Безумие, «великое и покровительствующее безумие» будет сопровождать род человеческий до тех пор, пока не будет поглощено геологической катастрофой: «Пусть перед его торжественным шествием несется, как и прежде, – то лучезарное, то в облаках, то –полное, то с ущербом, светило разума, пребывающее, как луна все в том же расстоянии от земного шара, как бы он ни торопился»105 . Холодный свет чистого разума освещает мир человеческого творчества, не поглощая его, не сводя его к «логике и математике». Ход истории не предопределяется «хитрым» разумом, гармонизирующим хаотичные движения людей в соответствии с собственным тайным (или известным только избранным) планом, но есть «безумие» в глазах абстрактного разума, идеала, всегда остающегося одинаково далеко, как луна от земли.

Как в письмах «К старому товарищу», где ведется спор ante litteram с шигалевщиной из «Бесов», в «Aphorismata» Герцен близок к Достоевскому, что не удивительно, поскольку точки соприкосновения двух русских мыслителей, в особенности в части критики западноевропейского буржуазного общества, обнаружились уже ранее106 . Общим для обоих было острое ощущение проблемы нравственной свободы личности, этический персонализм, переживаемый во всех его драматических и парадоксальных противоречиях, духовные искания, основанные на осознании кризиса как религиозных, так и светских ценностей. Но и в отношении дела Нечаева можно говорить о точках соприкосновения двух умов, двигавшихся, разумеется, в разных направлениях.

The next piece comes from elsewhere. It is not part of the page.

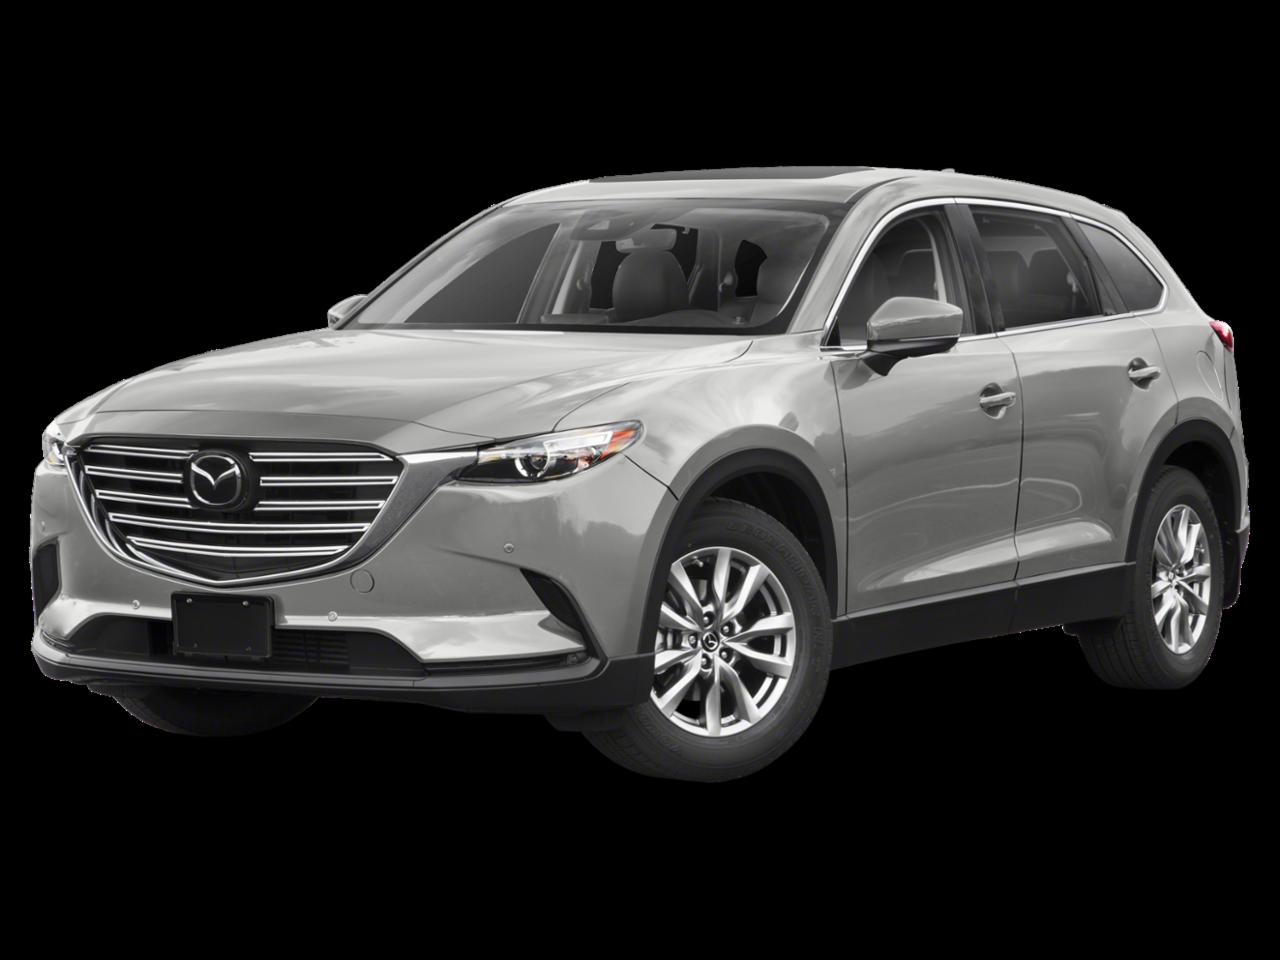 2020 Mazda CX-9 Touring FWD Sport Utility

То, что в «Бесах» Достоевский не ставил себе целью изобразить реальных членов нечаевскои группы, – факт очевидный и имеющий документальное подтверждение: «Ни Нечаева, ни Иванова, ни обстоятельств того дела я не знал и совсем не знаю, кроме как из газет. Да если б и знал, то не стал бы копировать. Я только беру совершившийся факт. Моя фантазия может в высшей степени разниться с бывшей действительностью, и мой Петр Верховенский может нисколько не походить на Нечаева»107 . Но, исключая событийное совпадение с хроникой нечаевского дела, Достоевский определяет свой роман как «исследование почти историческое»108 . Это определение встречается в одном из его писем от февраля 1873 г. к цесаревичу, будущему царю Александру III, который тогда обладал славой человека открытых взглядов и либерального. Отправляя ему экземпляр «Бесов», только что вышедших отдельной книгой, Достоевский кратко излагает замысел и идеи романа: «Объяснить возможность в нашем странном обществе таких чудовищных явлений, как нечаевское движение. Взгляд мой состоит в том, что это явление не случайность, не единичное, оно – прямое последствие великой оторванности всего просвещения русского от родных и самобытных начал русской жизни. (…) А между тем главнейшие проповедники нашей национальной самобытности с ужасом и первые отвернулись бы от Нечаевского дела. Наши Белинские и Грановские не поверили бы, если б им сказали, что они прямые отцы нечаевцам. Вот эту родственность и преемственность мысли, развивающуюся от отцов к детям, я и хотел выразить в произведении моем»109 .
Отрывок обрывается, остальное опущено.